Advanced Automatic Sprinkler Co., Inc. v Seaboard Sur. Co.
2016 NY Slip Op 03444 [139 AD3d 424]
May 3, 2016
Appellate Division, First Department
Published by New York State Law Reporting Bureau pursuant to Judiciary Law § 431.
As corrected through Wednesday, June 29, 2016


[*1]
 Advanced Automatic Sprinkler Co., Inc., Appellant,
v
Seaboard Surety Company, Respondent.

Mastropietro Law Group, PLLC, New York (Eric W. Gentino of counsel), for appellant.
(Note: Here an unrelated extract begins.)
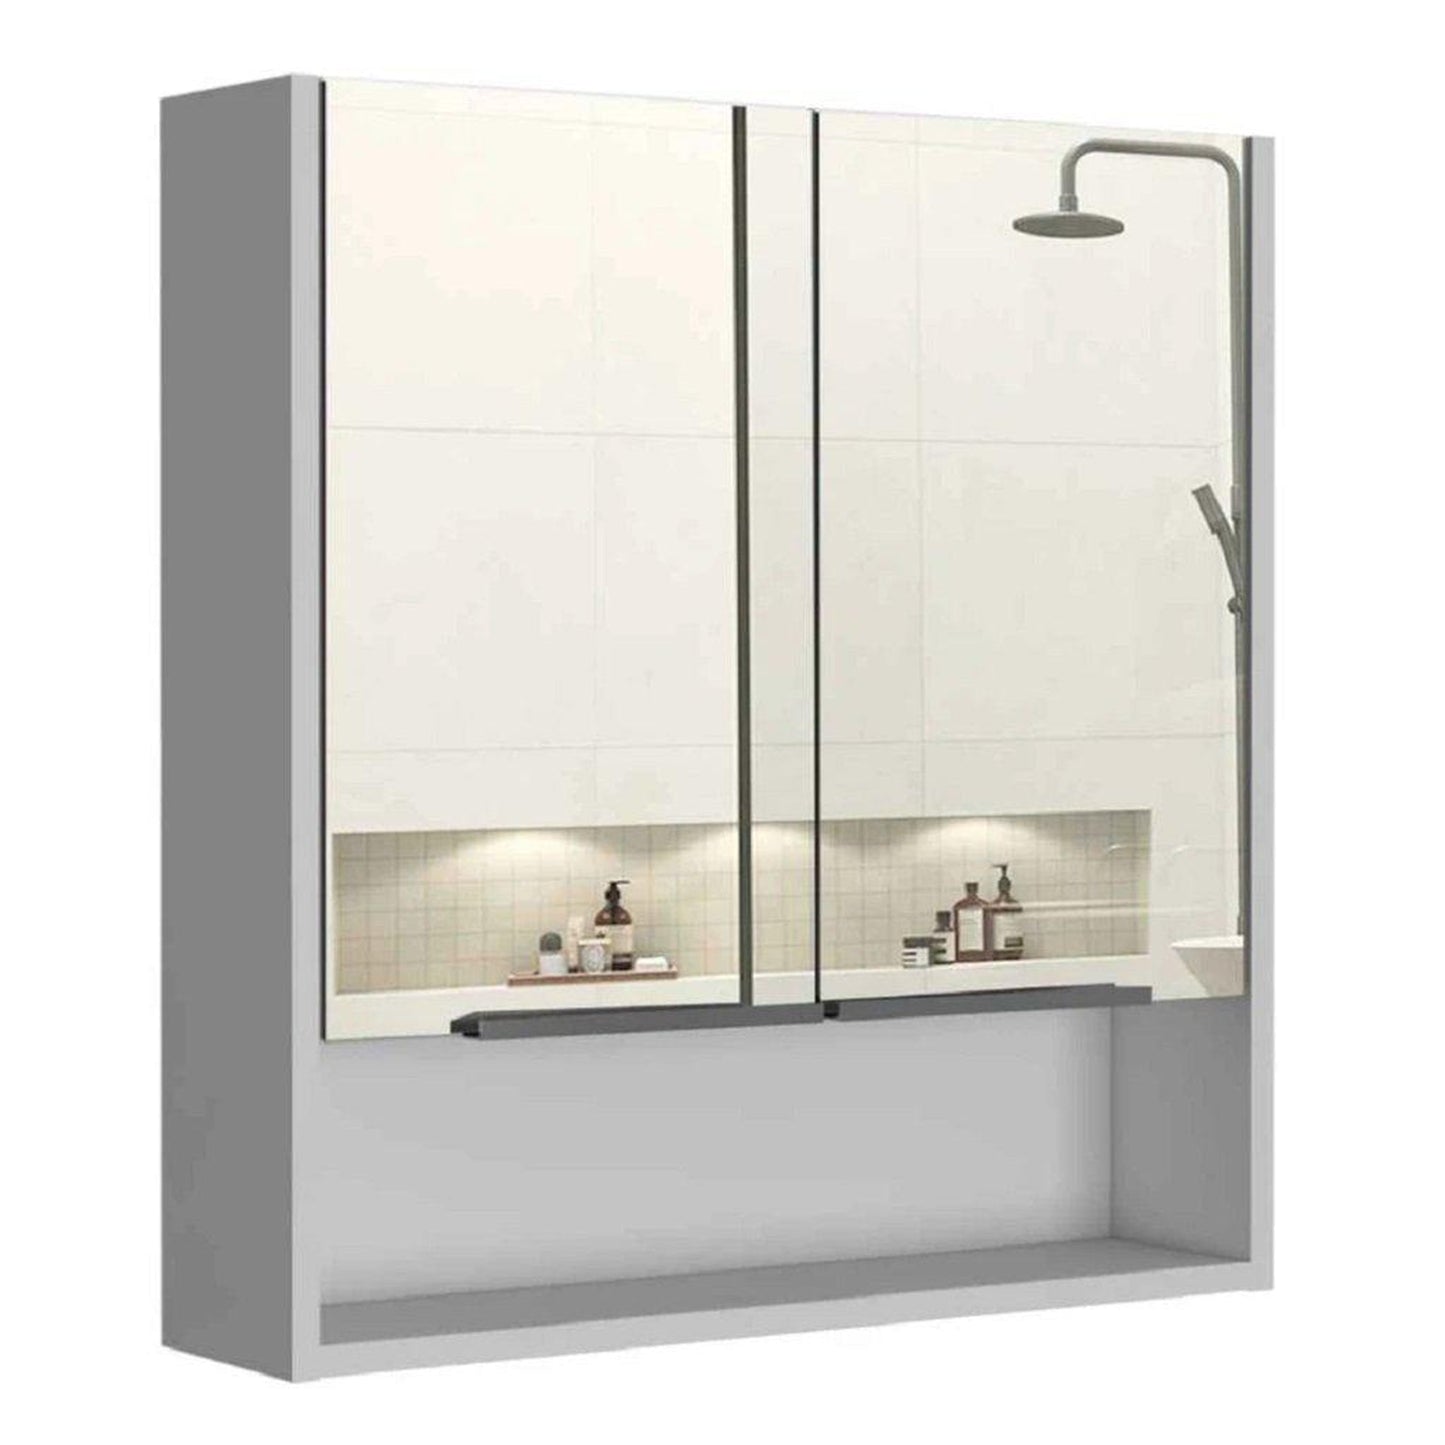 TUHOME Jaspe 24" x 25" White Wall-Mounted Mirror Medicine Cabinet With Wide-Open Shelf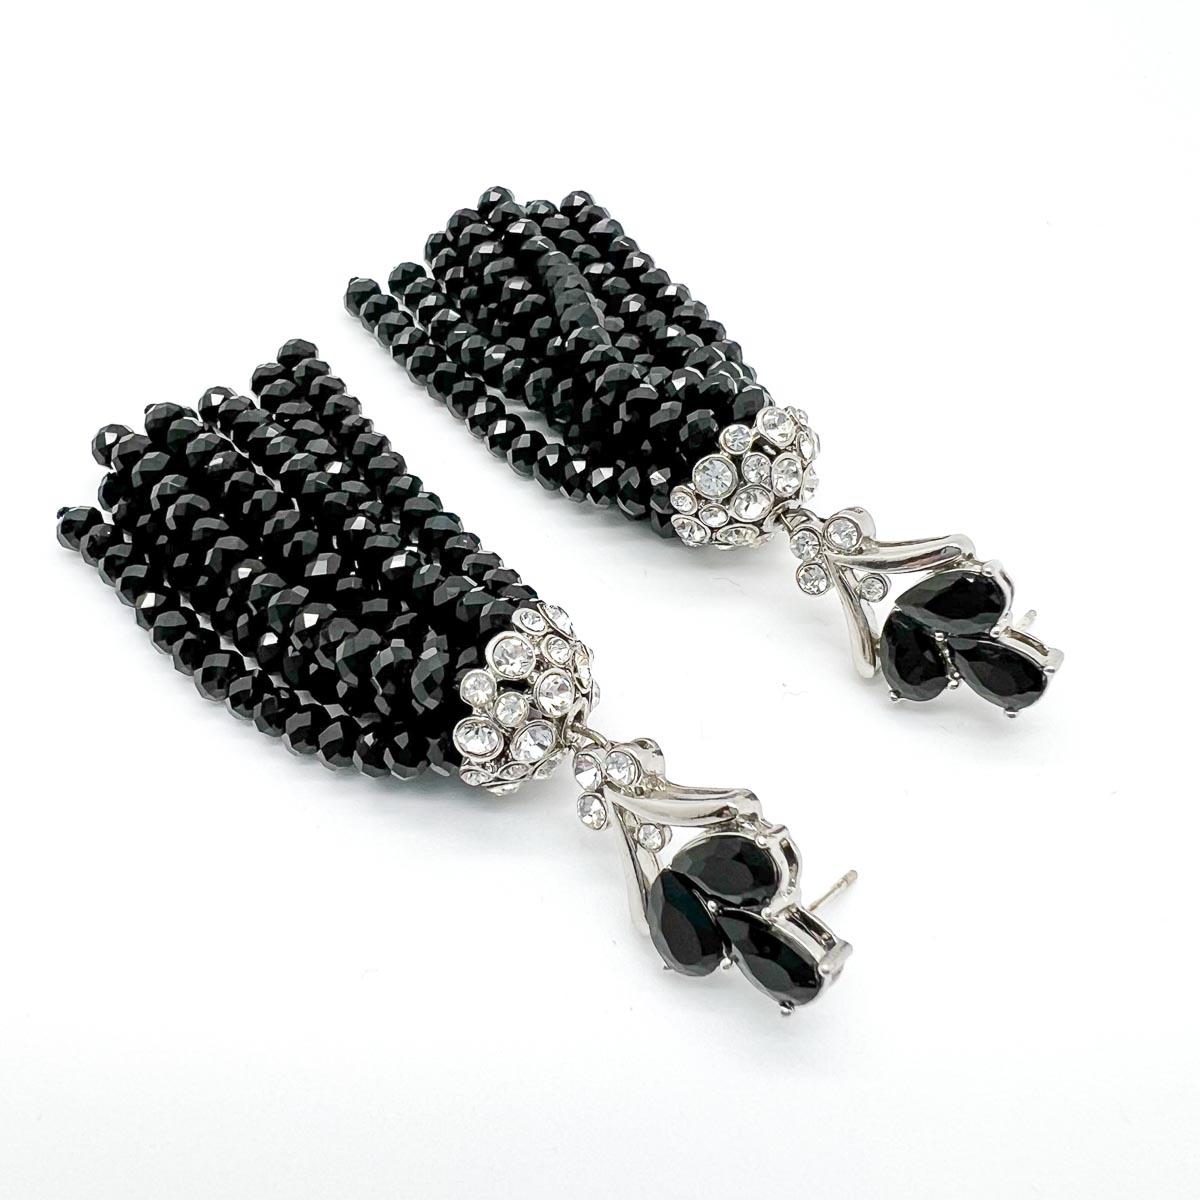 Vintage Monet Deco Inspired Tassel Earrings 1990s In Good Condition For Sale In Wilmslow, GB

Tunstead & Schechter, Jericho (Michael D. Ganz of counsel), for respondent.

Order, Supreme Court, New York County (Marcy S. Friedman, J.), entered December 5, 2014, which granted defendant's motion for summary judgment dismissing the cause of action for delay damages, unanimously affirmed, with costs.

Plaintiff presented no evidence that any material delay in the construction project was attributable to the nonparty prime contractor for whose benefit defendant issued a payment bond (see Triangle Sheet Metal Works v Merritt & Co., 79 NY2d 801 [1991]).

In any event, the subcontract contains a "no damages for delay" clause, and plaintiff failed to meet its heavy burden of establishing an exception to the rule that such a clause will be enforced (see LoDuca Assoc., Inc. v PMS Constr. Mgt. Corp., 91 AD3d 485 [1st Dept 2012]). As the motion court found, the delays that plaintiff seeks to impute to the prime contractor constitute, at most, "inept administration" or "poor planning," and do not, as plaintiff contends, evince bad faith on the prime contractor's part (see id.). Nor, contrary to plaintiff's contention, were the delays uncontemplated, and, in any event, under the contract, plaintiff assumed the risk for all delay damages, "whether contemplated or uncontemplated."

We have considered plaintiff's remaining contentions and find them unavailing. Concur—Mazzarelli, J.P., Friedman, Andrias, Moskowitz and Kahn, JJ. [Prior Case History: 2014 NY Slip Op 33130(U).]